Running standardized site acceptance testing is a crucial first step to ensure that time and money aren’t wasted addressing connectivity or functionality issues once a new control system or software platform is up and running, says Nate Kay, P.E., project manager with Martin CSI, a member of the Control System Integrators Association. “Sometimes (a system) doesn’t get installed exactly the way it was designed maybe on the process side,” he says. “If there were any changes made on the fly or issues that occurred during the installation … we work with the contractors and the customer to determine where the problem is.”
In addition, it’s highly valuable to incorporate automation systems into your overall maintenance strategy, notes Richard Gaines, director of the Integrated Smart Operations Center (iSOC) at the New York Power Authority. iSOC, a central monitoring and diagnostics center in White Plains, NY, relies on predictive analytics software and smart technologies deployed across NYPA’s 16 power plants, more than 1,400 circuit miles of transmission lines, and substations statewide to detect operational anomalies and help prevent asset failures and power interruptions. A fully digitized, integrated approach to physical asset management means ensuring that the maintenance of data-collection tools isn’t an afterthought.

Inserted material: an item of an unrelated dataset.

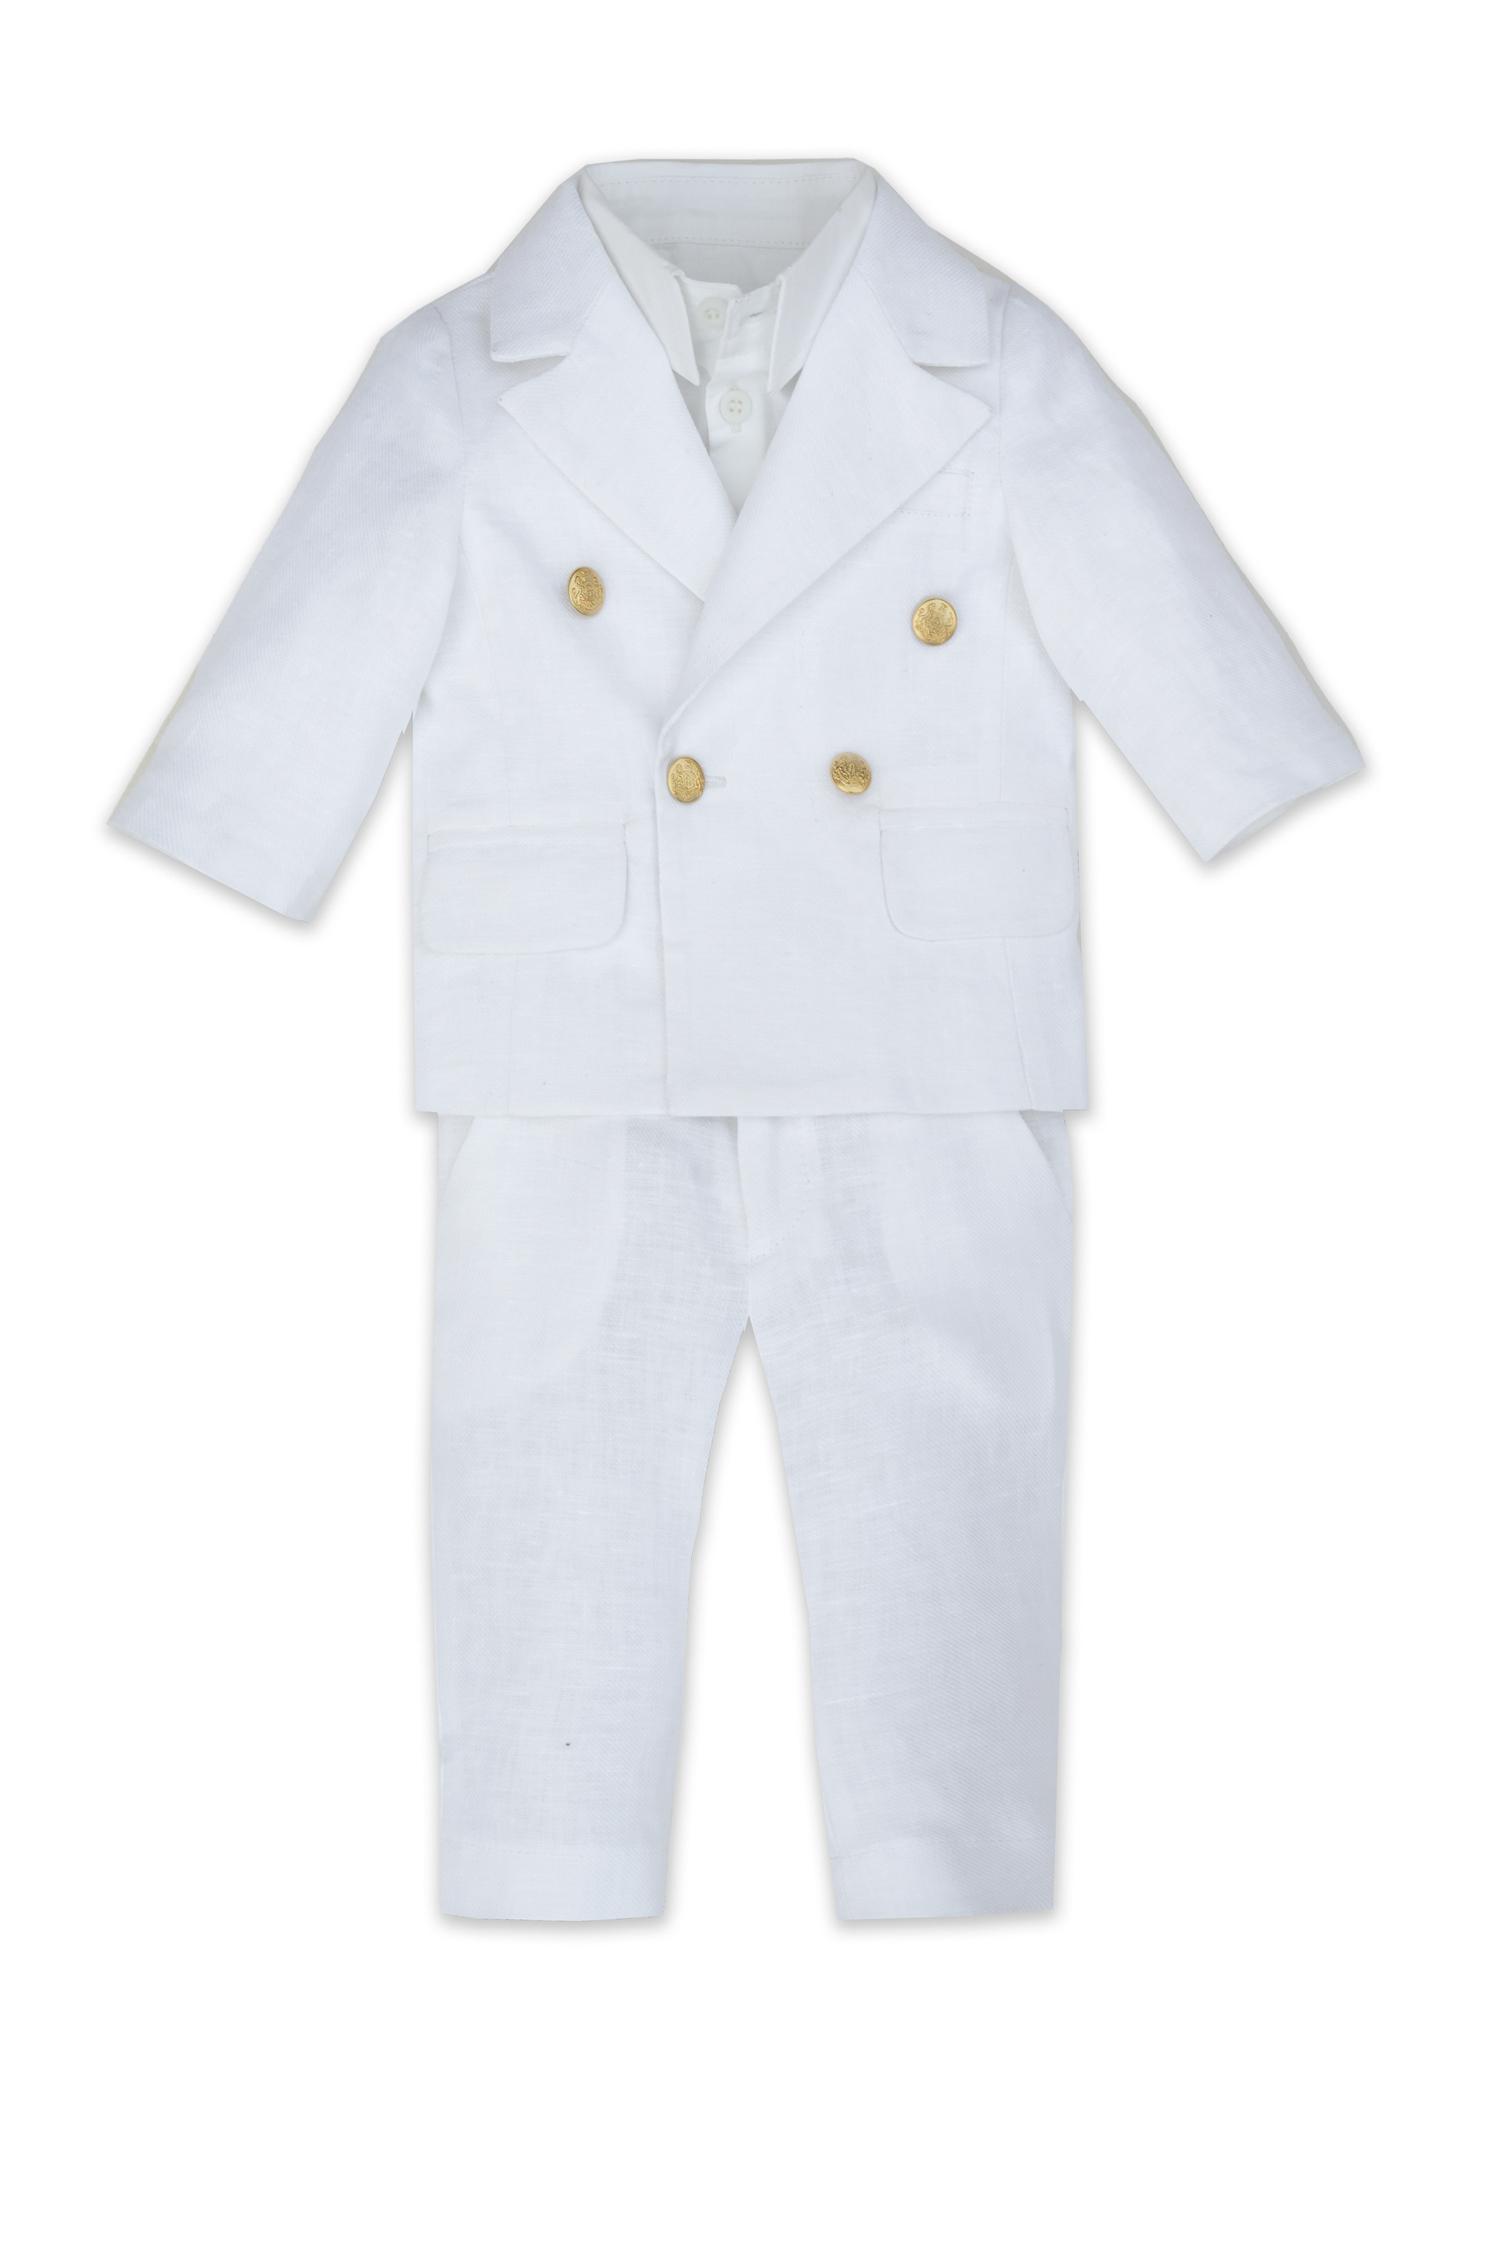 Costum de botez pentru bebeluși Leon

“When sensors are installed, we have to get them into the standard PM program that we use for all instrumentation,” says Gaines, a 36-year veteran of the NYPA. “Whether we’re doing gas analysis on a transformer or we’re looking at pressures, temperatures, and flows on a pump or turbine, our philosophy is that monitoring and diagnostic instrumentation shouldn’t be any different from the other instrumentation we use in process control. Even if it’s just (for) monitoring and diagnostics, it’s still just as important as (other) instrumentation for process control. So it gets rolled into our maintenance management system.”
Do: Verify your data
Once the data starts streaming in from your new, automated condition-monitoring technologies, how can you know – with certainty, and over time – that the data really is valid? After all, for users of these connected technologies, condition and asset performance data underpin decisions about whether, how, and when to service equipment and adjust operating parameters to make processes run more efficiently. “Data quality is key,” says John Rosenberger, director of iWAREHOUSE GATEWAY and global telematics for The Raymond Corp., “because the collection systems could be sending data (to the cloud), but if they’re sending junk” – inaccurate or incomplete data – “now I’m throwing off a lot of those predictors that I have thresholds and controls set for.”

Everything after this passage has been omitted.